Repeal of the Final Medicaid and CHIP Eligibility and Enrollment Rule: In September 2023 and April 2024, the Centers for Medicare and Medicaid Services finalized both parts of a major rule related to Medicaid and the Children’s Health Insurance Program (CHIP) that, as our supportive public comments on the proposed rule and our subsequent explanation demonstrated, will significantly improve the eligibility and enrollment process for Medicaid and CHIP. Among its provisions, the final rule eliminates certain access barriers for children enrolled in CHIP; facilitates transitions between programs; adjusts and strengthens enrollment and renewal requirements for most individuals in Medicaid; establishes beneficiary protections with respect to returned mail; creates time requirements for eligibility redeterminations; eliminates other outdated barriers to coverage; modernizes recordkeeping requirements; and significantly improves participation in the Medicare Savings Programs (MSPs), which help low-income Medicare beneficiaries pay their premiums and/or cost-sharing. If fully implemented by state Medicaid and CHIP programs, the final rule will increase beneficiary participation and expand health coverage to more eligible children, families, and other low-income adults. According to the summary of the markups, the budget resolution marked up before the second part of the rule was finalized would block the rule (which would presumably mean eliminating the regulatory changes included in both parts of the final rule). The report accompanying the budget resolution also supports “policies to improve the integrity of the Medicaid program, reduce improper payments, and strengthen verification of enrollees’ eligibility…” Although no further details are provided, this presumably means that states will have to impose far more red tape and make it harder for eligible individuals and families to apply for, enroll in, and renew their Medicaid coverage.

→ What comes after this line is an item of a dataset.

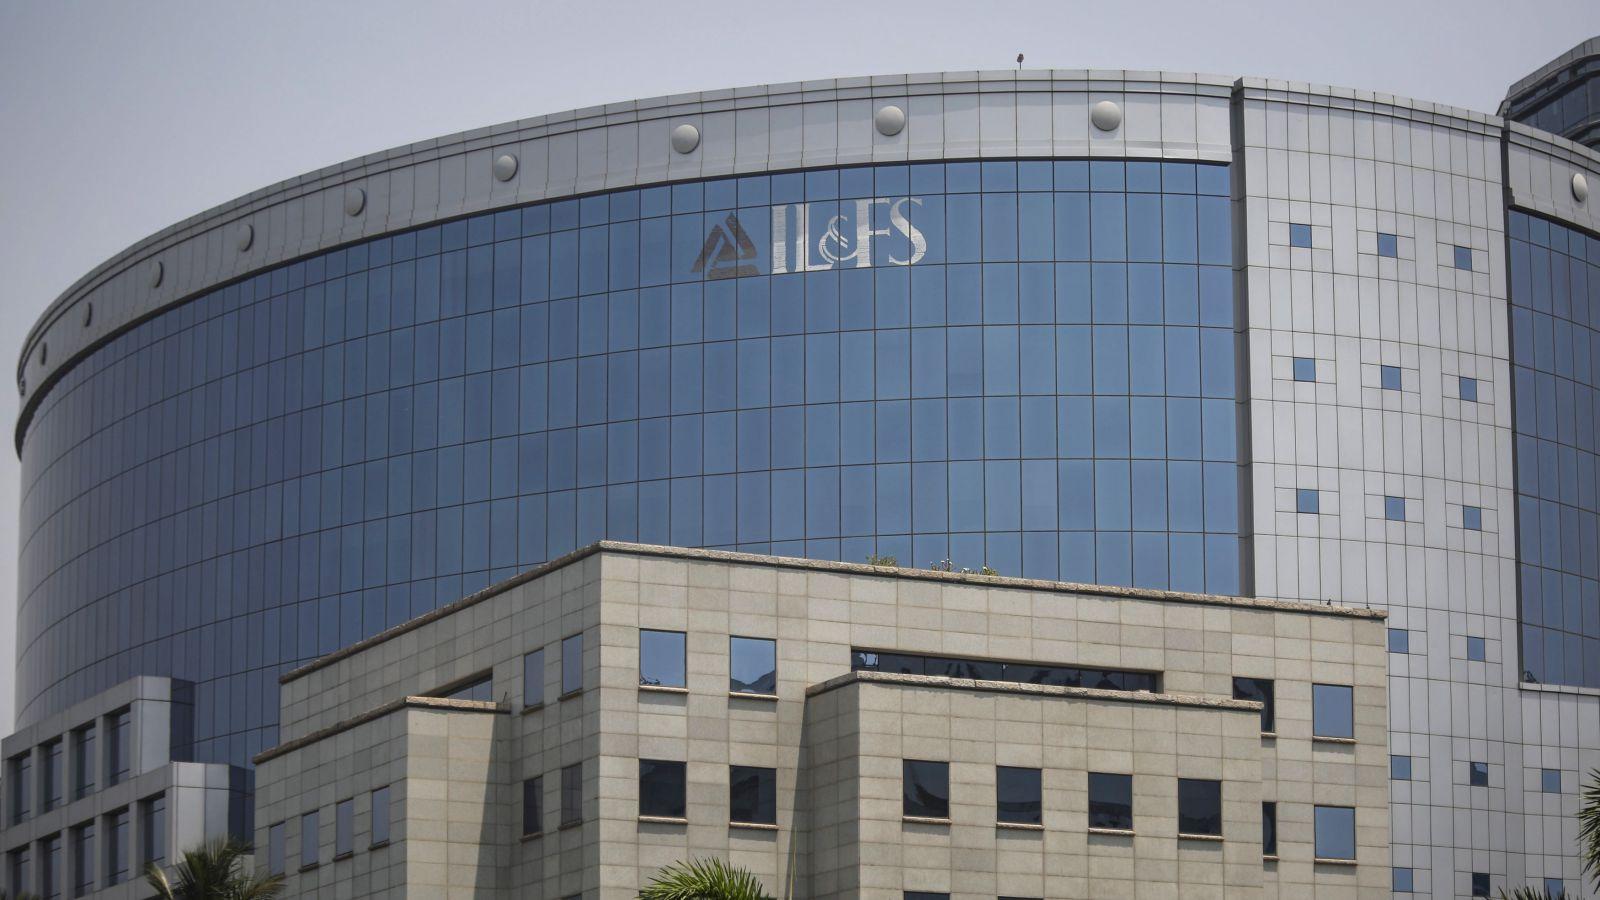 India IL&FS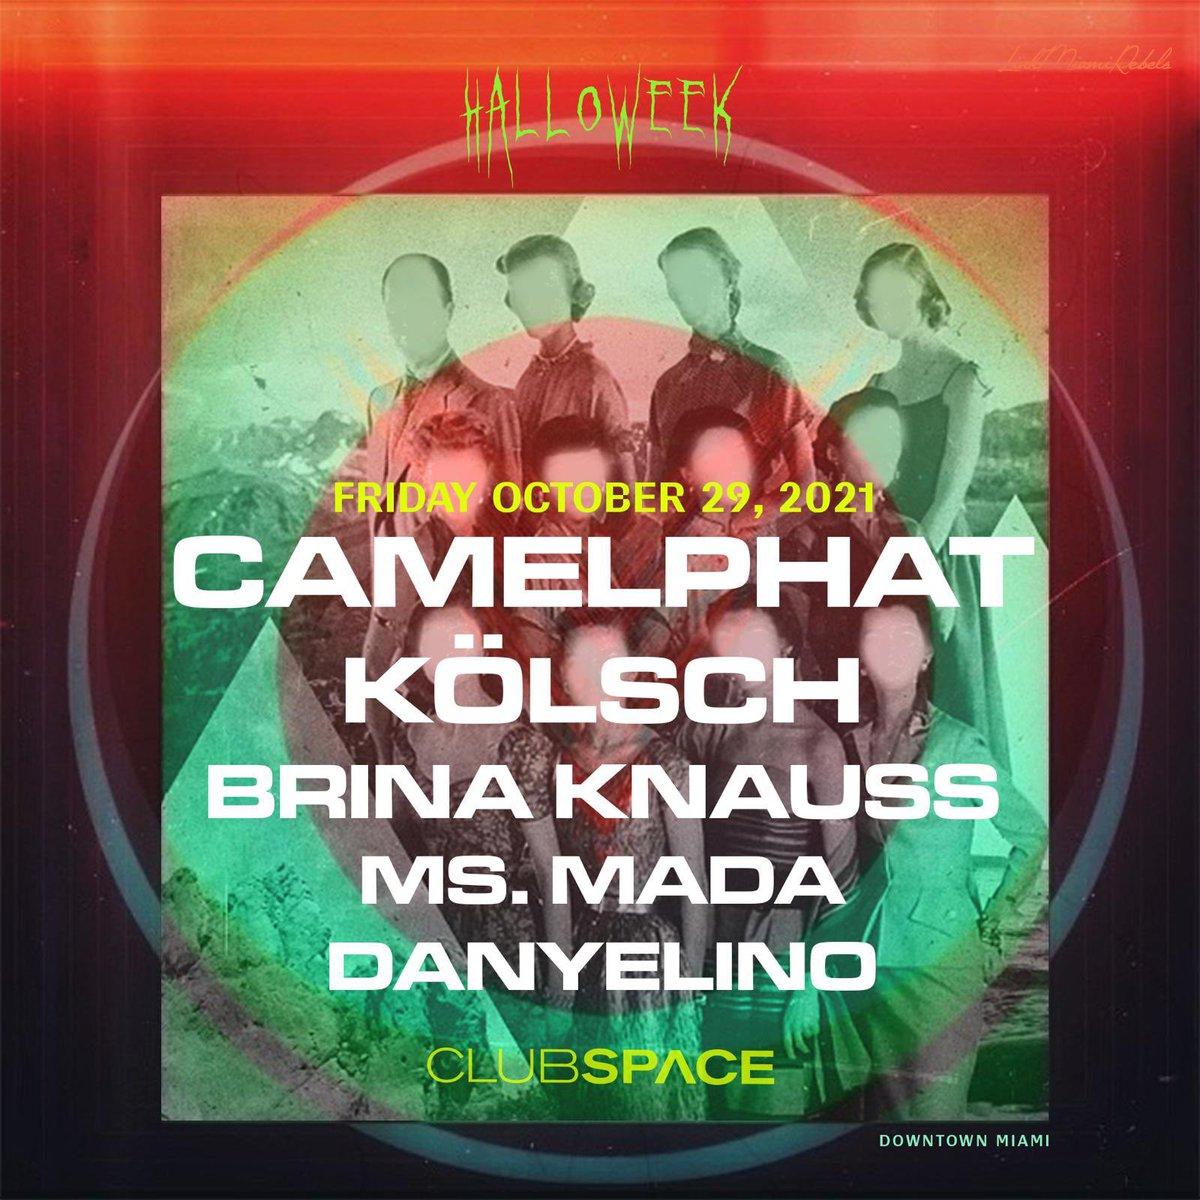 Space Miami 10/29 🇺🇸🌒 With @kolschofficial Tix: eventbrite.com/e/camelphat-ko…

Reduction in Medicaid grant rate for the District of Columbia: Under federal law, the regular FMAP for DC is 70 percent. (Under the formula for calculating Medicaid grant rates, which is based on relative per capita income, DC would likely have only the minimum FMAP of 50 percent instead.) The budget resolution would “end special FMAP treatment for DC.” This likely means cutting DC’s FMAP from the current 70 percent (which was implemented to reflect the high need for Medicaid coverage among the District’s low-income residents) to 50 percent. This would shift significant costs to the District government and force the District to make severe cuts to its Medicaid program, including reductions in eligibility, benefits, and benefit rates.